Если прежде конфликт между Иваном Васильевичем и Филиппом был достоянием относительно узкого круга лиц – пусть по столице и ходили недобрые слухи, пусть вспоминали очевидцы прилюдно сделанные обличения Филиппа, – но до открытого разрыва дело не доходило. Кто знал о работе следственной комиссии на Соловках? Кто знал, до какого накала дошли противоречия между двумя величайшими людьми страны? Теперь – узнали. Митрополит показал: примирения с опричниной он не желает, пастырского благословения на нее не дает и не даст, обличать ее не перестанет. Показал – всем. Всей столице.
Чего ж яснее?
Ответная кара стала делом времени.
Иван IV разбирает бумаги, написанные следственной комиссией князя Темкина-Ростовского, прикидывает, каких свидетелей стоит вызвать на суд, как их использовать. Он имеет возможность просто убить митрополита, но в этом случае царство, итак расщепленное до основания опричной трещиной, может просто развалиться. Чего ждать от подданных, когда слетит голова самого митрополита? Не обернется ли его гибель ужасающим мятежом? Не восстанет ли земщина?
Неправильно было бы изображать Ивана Васильевича только лишь бездушным кровопийцей. Да, последние месяцы многое переменили в его натуре к худшему. Да, большая кровь вошла ему в привычку. Да, Филипп вызывал в нем бешенство. Но… почтительное отношение если не к самому митрополиту, то хотя бы к его сану, к сакральному статусу главы Церкви должно было оставаться. Как и в любом православном человеке, в Иване IV жила боязнь пойти против Божьей воли; как минимум, он должен был опасаться последствий поступка, который собирался совершить.
Царь медлил.
Он размышлял, взвешивал… По всей видимости, натура артиста, человека, стремящегося всякий свой поступок «поставить», как ставят театральное действие, позвала его к иному решению. Не убить, нет. Рискованно, некрасиво. Гораздо лучше – опозорить. Унизить, раздавить. И сделать всё это с помощью большого спектакля с большим количеством задействованных персонажей. В нем Иван Васильевич попробовал себя не на актерской стезе, а на режиссерской.
Епископа да судит епископ – таковы церковные правила. Но наша Церковь давно потеряла ту необыкновенную самостоятельность, которой она пользовалась в XIV и XV столетиях.
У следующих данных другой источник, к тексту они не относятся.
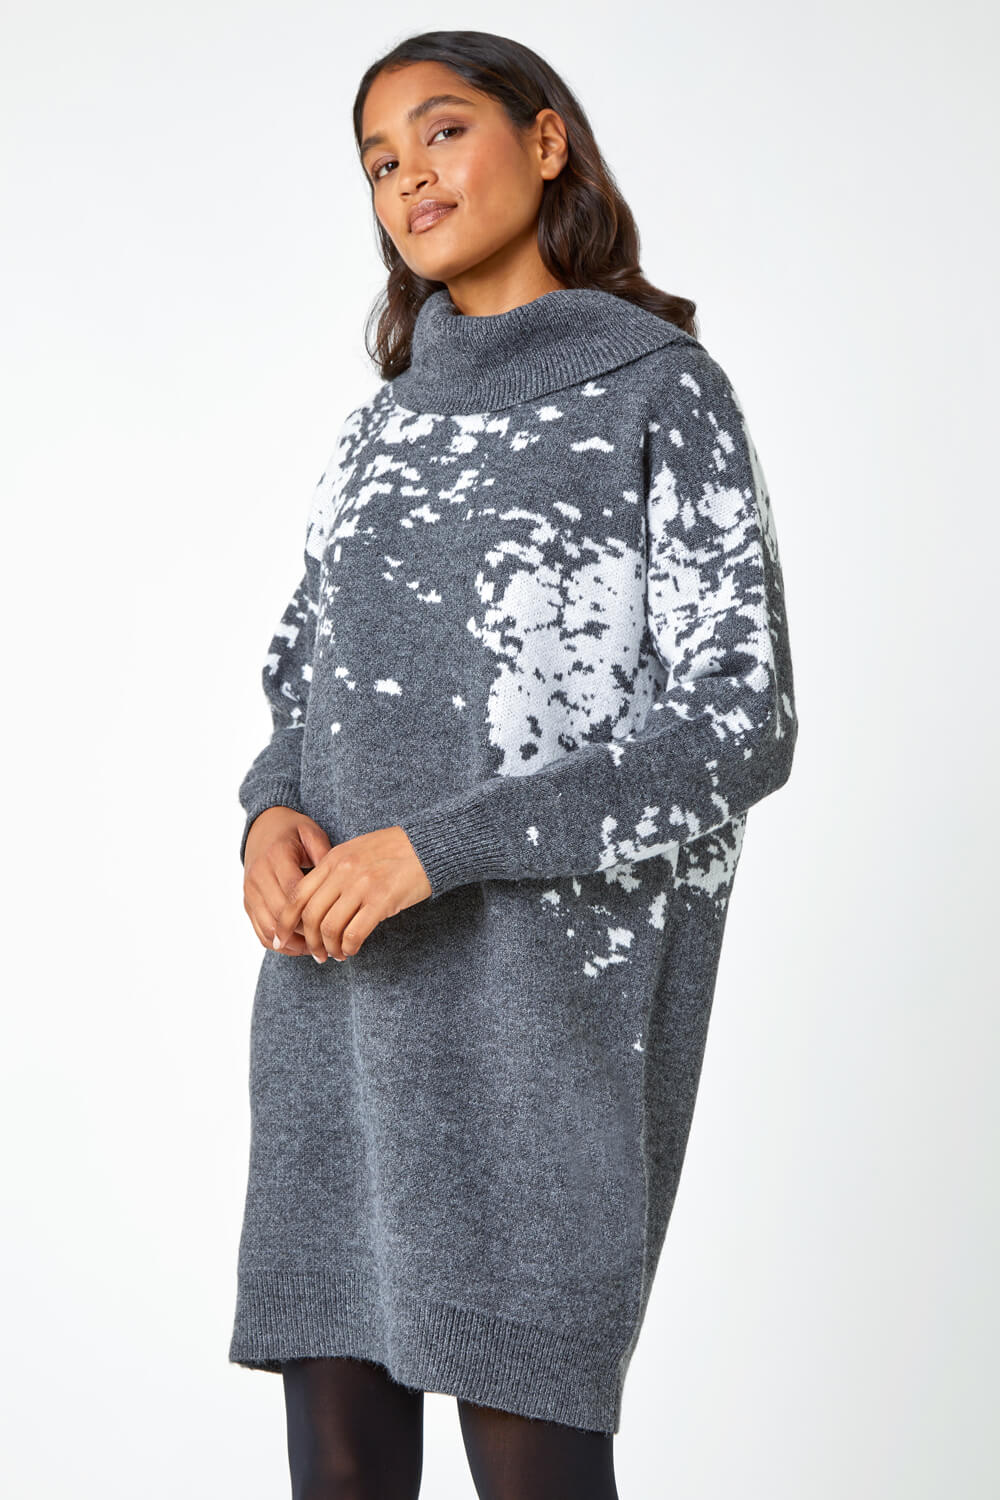 Dark Grey Abstract Print Cowl Neck Jumper Dress, Image 3 of 5

С X столетия, от основания своего, Русская церковь подчинялась Константинопольскому патриарху. Византийцы ставили на Русь митрополитов, а если отыскивался местный кандидат на митрополичью кафедру, то ему следовало отправиться в Константинополь, чтобы пройти там утверждение. В условиях политической раздробленности Руси, особенно тяжелой при ордынском иге XIII–XV веков, это положение, как ни странно, даже имело для страны определенную пользу. На несколько десятков больших и малых княжеств, а также вечевых республик, приходилась одна общая церковная организация. И у этой организации был единый центр, вынесенный за пределы Руси, раздираемой междоусобными войнами. Таким образом, Церковь, во-первых, стала главным фактором объединения Руси, главной скрепой для пестрого крошева маленьких независимых государств. И, во-вторых, она обладала значительной независимостью по отношению к любому русскому князю – хоть тверскому, хоть суздальско-нижегородскому, хоть московскому. Залогом успешной политики московских князей стало именно то, что они умели устанавливать с Церковью добрые отношения. В конце XIV-го и особенно в XV веке такое положение стало тягостным. Цареградские власти, слабея, теряя земли, ведя бесконечные тяжелые войны, пытались использовать Русь в своих политических целях. И главенство над Русской церковью было превосходным рычагом для этого.
В то же время, Русь поднималась с колен, у нас появились крупные политические лидеры, которые стремились объединить страну и свергнуть ненавистную власть ордынцев. Василевсам требовалась военная помощь против турок. Они попытались получить ее от западноевропейских стран, а в уплату обещали заключить церковную унию с католическим Римом. Русь этого не приняла. Зачем было русским изменять православной вере ради благополучия маленького государства на Балканском полуострове? Произошел разрыв. В 1448 году владыка Рязанский Иона был поставлен на митрополию Собором русских архиереев. Русская церковь, таким образом, обрела автокефалию. Константинопольским церковным властям пришлось с этим смириться. В 1453 году столица Византийской империи пала под натиском турок, последний император погиб. Бедствия, которые вслед за этим пришлось претерпеть греческому духовенству, заставляли его смотреть на Русь как на источник поддержки, в том числе и материальной. Поэтому церковная независимость русской земли стала неоспоримой данностью. Блага, происходившие от обретенной самостоятельности, очевидны. Но…
Одними благами дело не ограничилось.